We added query to the paragraphs to make it clear, that subjectivity is expressed related to the concept of user-defined query. This may be useful later, when more complex models, that are separating negative concepts from negative opinions about these concepts, will be evaluated.

### VADER evaluation
![VADER_evaluation_before](./img/eval_vader_before.PNG "VADER evaluation before")
Figure 2. VADER Approach Evaluation. Ranking before editions

![VADER_evaluation_after](./img/eval_vader_after.PNG "VADER evaluation after")
Figure 3. VADER Approach Evaluation. Ranking after editions

### Expected behaviour is observed: article edited to be more negative is lower in ranking, while positive is higher. However, sentiment scores all are close to 1. I.e. order of articles in ranking is reasonable, results are satisfactory, but if one is more interested in score itself, method should be improved.

### Logistic Regression evaluation
![Logistic_Regression_evaluation_before](./img/eval_lr_before.PNG "Logistic Regression evaluation before")
Figure 4. Logistic Regression Approach Evaluation. Ranking before editions

![Logistic_Regression_evaluation_after](./img/eval_lr_after.PNG "Logistic Regression evaluation after")
Figure 5. Logistic Regression Approach Evaluation. Ranking after editions

### Expected behaviour is *not* observed: article edited to be more negative as well as positive have the same score and ranking as the original article. As sentiment scores all are equal to 1, these results are not satisfactory, method should be improved.

### These poor performance in prediction can be explained by low predictive power of Logistic Regression for long texts. Thus we extended this approach by scoring parts of the articles separately and finding average score.  Results of the extended method evaluation are below:
![Advaced_Logistic_Regression_evaluation_before](./img/eval_lr_adv_before.PNG "Extended Logistic Regression evaluation before")
Figure 6. Extended Logistic Regression Approach Evaluation. Ranking before editions

![Advaced_Logistic_Regression_evaluation_after](./img/eval_lr_adv_after.PNG "Extended Logistic Regression evaluation after")
Figure 7. Extended Logistic Regression Approach Evaluation. Ranking after editions

### Expected behaviour is observed: article edited to be more negative is lower in ranking, while positive is higher. Moreover, sentiment scores are reasonable, not close to 1, like in . I.e. order of articles in ranking is reasonable, results are satisfactory, but if one is more interested in score itself, method should be improved.

## Results & Discussion
*(Note: will be updated soon)*

Ranking for the query `Amazon Company` was built with VADER and advanced logistic regression approaches. 
Top 5 results are on Figures 8 and 9 respectively.
![VADER_evaluation_before](./img/eval_vader_before.PNG "VADER ranking results")
Figure 8. VADER Approach. Ranking results: top 5

As it was mentioned in evaluation section, first approach lets one build reasonable ranking, but exact score values are not precise enough. Thus further usage of sentiment score absolute values is not adviced.
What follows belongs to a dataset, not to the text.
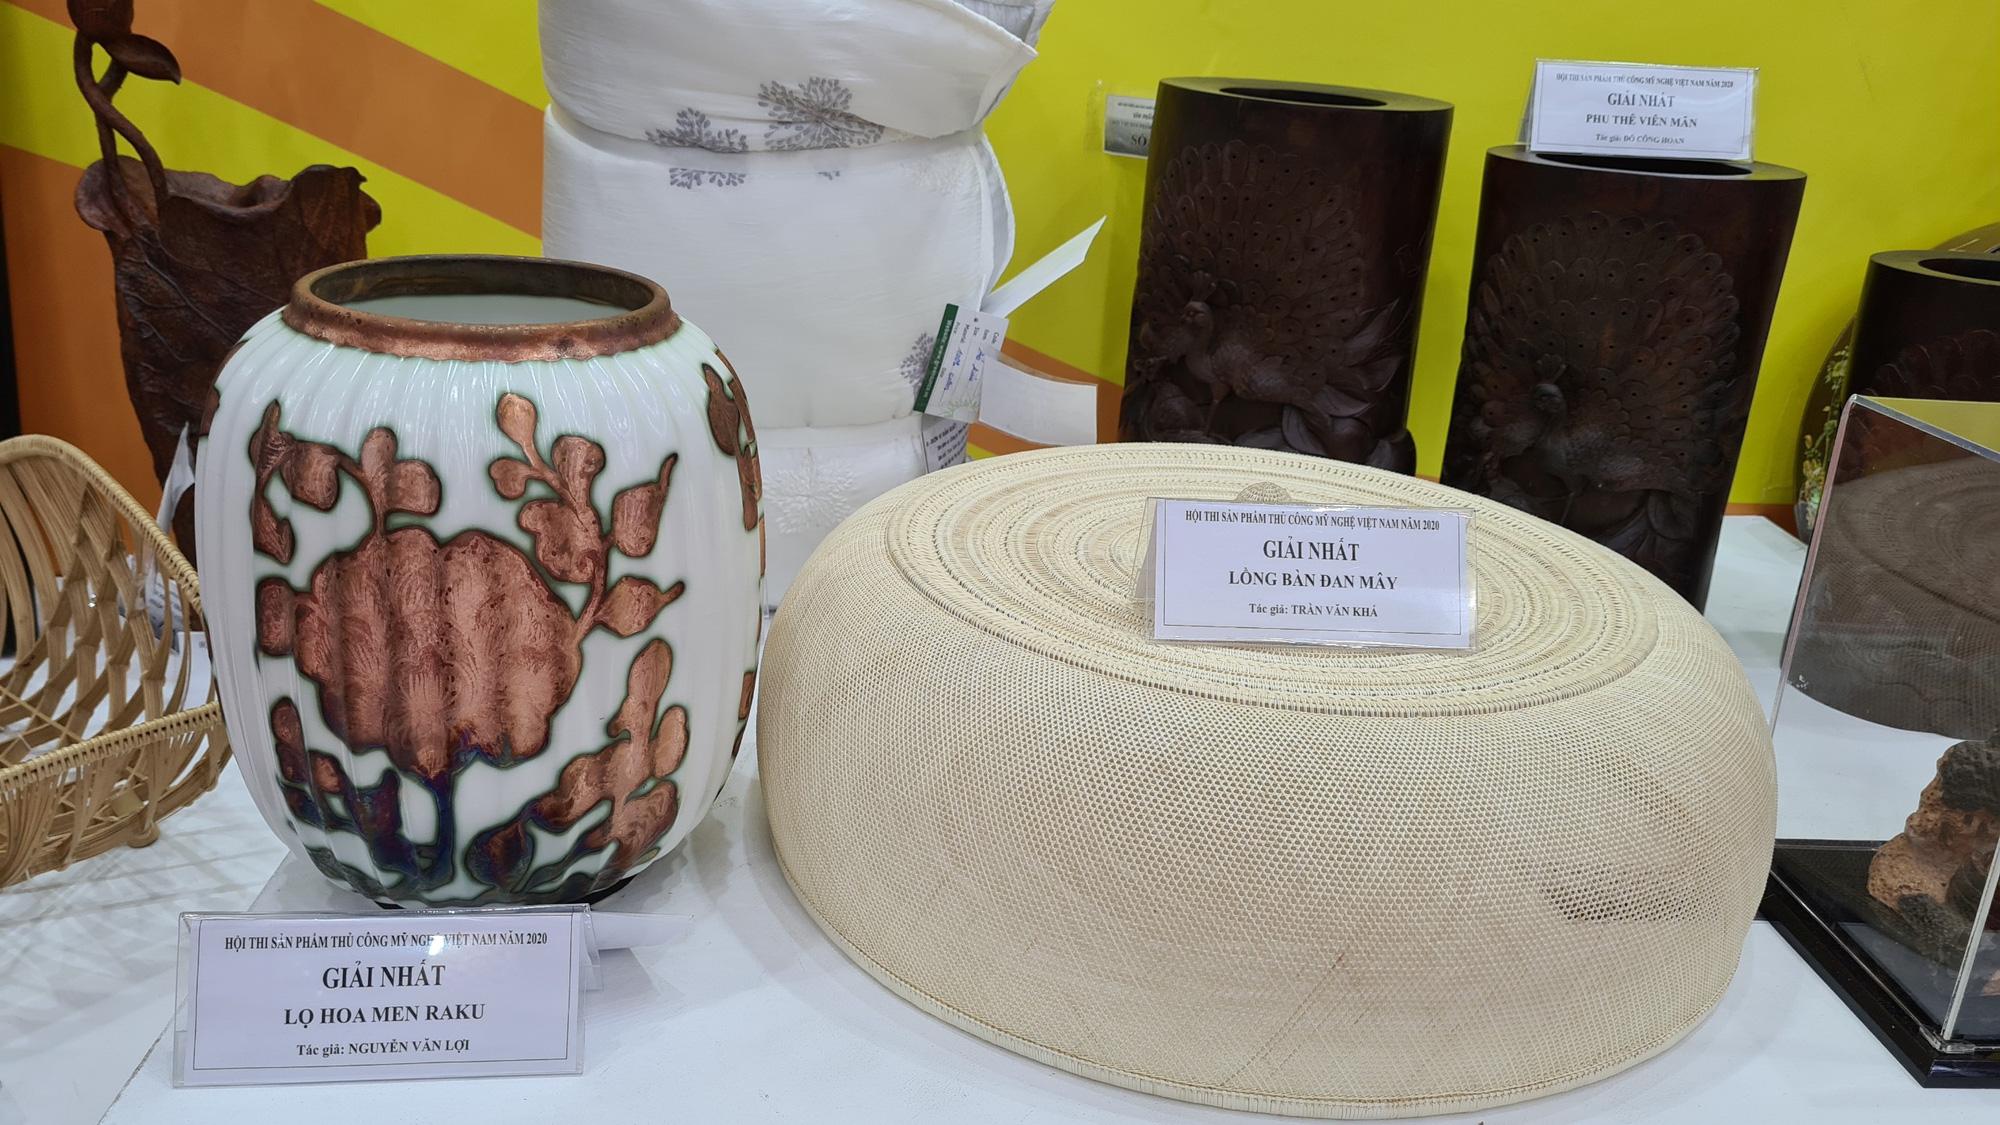 Lọ hoa men Raku là men gì mà được tôn vinh tại Hội thi sản phẩm thủ công mỹ nghệ năm 2020? - Ảnh 2.
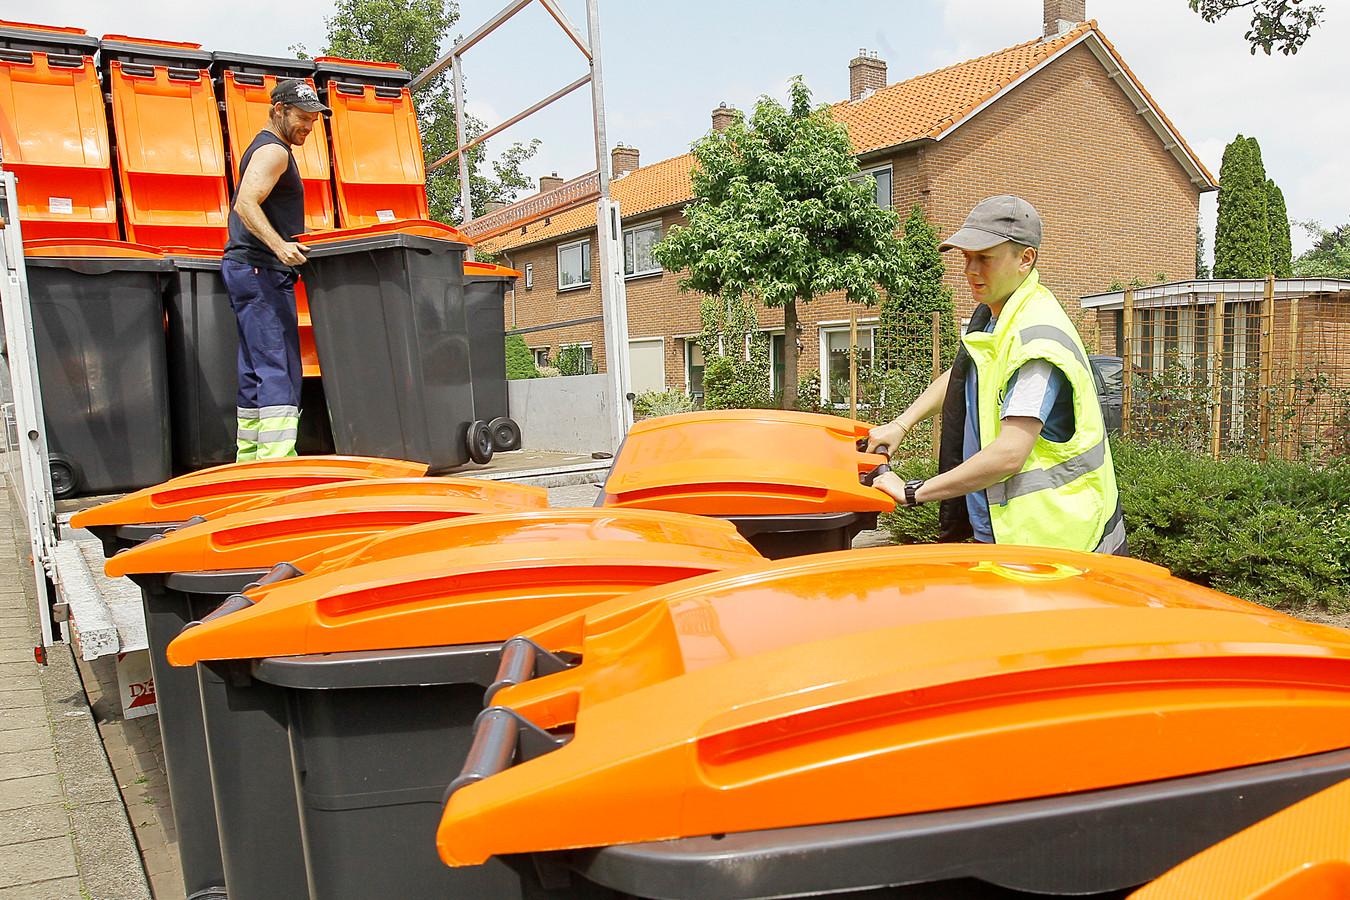 De containers voor plastic, metaal en pakken zijn zes jaar geleden al ingevoerd in onder meer Bronckhorst. Ook Berkelland gaat de bakken invoeren.

![Advaced_Logistic_Regression_evaluation_before](./img/eval_lr_adv_before.PNG "Extended Logistic Regression ranking results")
Figure 9. Extended Logistic Regression Approach. Ranking results: top 4

With more complex model, not only ranking is reasonable, but scores can be utilized for some further purpose. 
It is important to emphasize, that this model is still pretty simple. I.e. it detects subjectivity directly expressed with simple natural language structures.

Thus, results of this project are good, we satisfied our research and engineering interests. 
However, these results are just first step in developing production solution for mentioned problem.

Modular structure of the project makes it scalable, but one should improve scoring quality to make a step further than research try. In particular, one should overcome problem of separating negative concepts from negative sentiment related to this concept.

## Possible Extensions
* Highlight paragraphs/sentences that triggered scorer
* Summarize score from sources
* Use other sources (e.g. Google) to estimate sentiment
* Apply other NLP models to achieve better results (LSTM, extend vocabulary approach)
* Real-time plugin for advicing readers if content is neutral or biased



## References
[1] Balahur, Alexandra, et al. "Sentiment analysis in the news." arXiv preprint arXiv:1309.6202 (2013). [Source](https://arxiv.org/ftp/arxiv/papers/1309/1309.6202.pdf).

[2] Godbole, Namrata, Manja Srinivasaiah, and Steven Skiena. "Large-Scale Sentiment Analysis for News and Blogs." Icwsm 7.21 (2007): 219-222. [Source](http://www.uvm.edu/pdodds/files/papers/others/2007/godbole2007a.pdf).

[3] Nielsen, F. Å., M. Etter, and L. K. Hansen. "Real-time monitoring of sentiment in business related wikipedia articles, Technical University of Denmark 2013." [Source](https://pdfs.semanticscholar.org/74e6/b642042d33980d70ce2ce7e5c4d1b54aa790.pdf).

[4] Zhou, Yiwei, Alexandra Cristea, and Zachary Roberts. "Is wikipedia really neutral? A sentiment perspective study of war-related wikipedia articles since 1945." Proceedings of the 29th Pacific Asia Conference on Language, Information and Computation. 2015. [Source](https://www.aclweb.org/anthology/Y15-1019).

[5] Hutto, Clayton J., and Eric Gilbert. "Vader: A parsimonious rule-based model for sentiment analysis of social media text." Eighth international AAAI conference on weblogs and social media. 2014. [Source](https://www.aaai.org/ocs/index.php/ICWSM/ICWSM14/paper/view/8109/8122).

[6] Twitter Sentiment Dataset. Version cleaned from emoticons. [Source](https://1drv.ms/u/s!AqlC23XtB27BisoM5u56CMPeNOBQKw).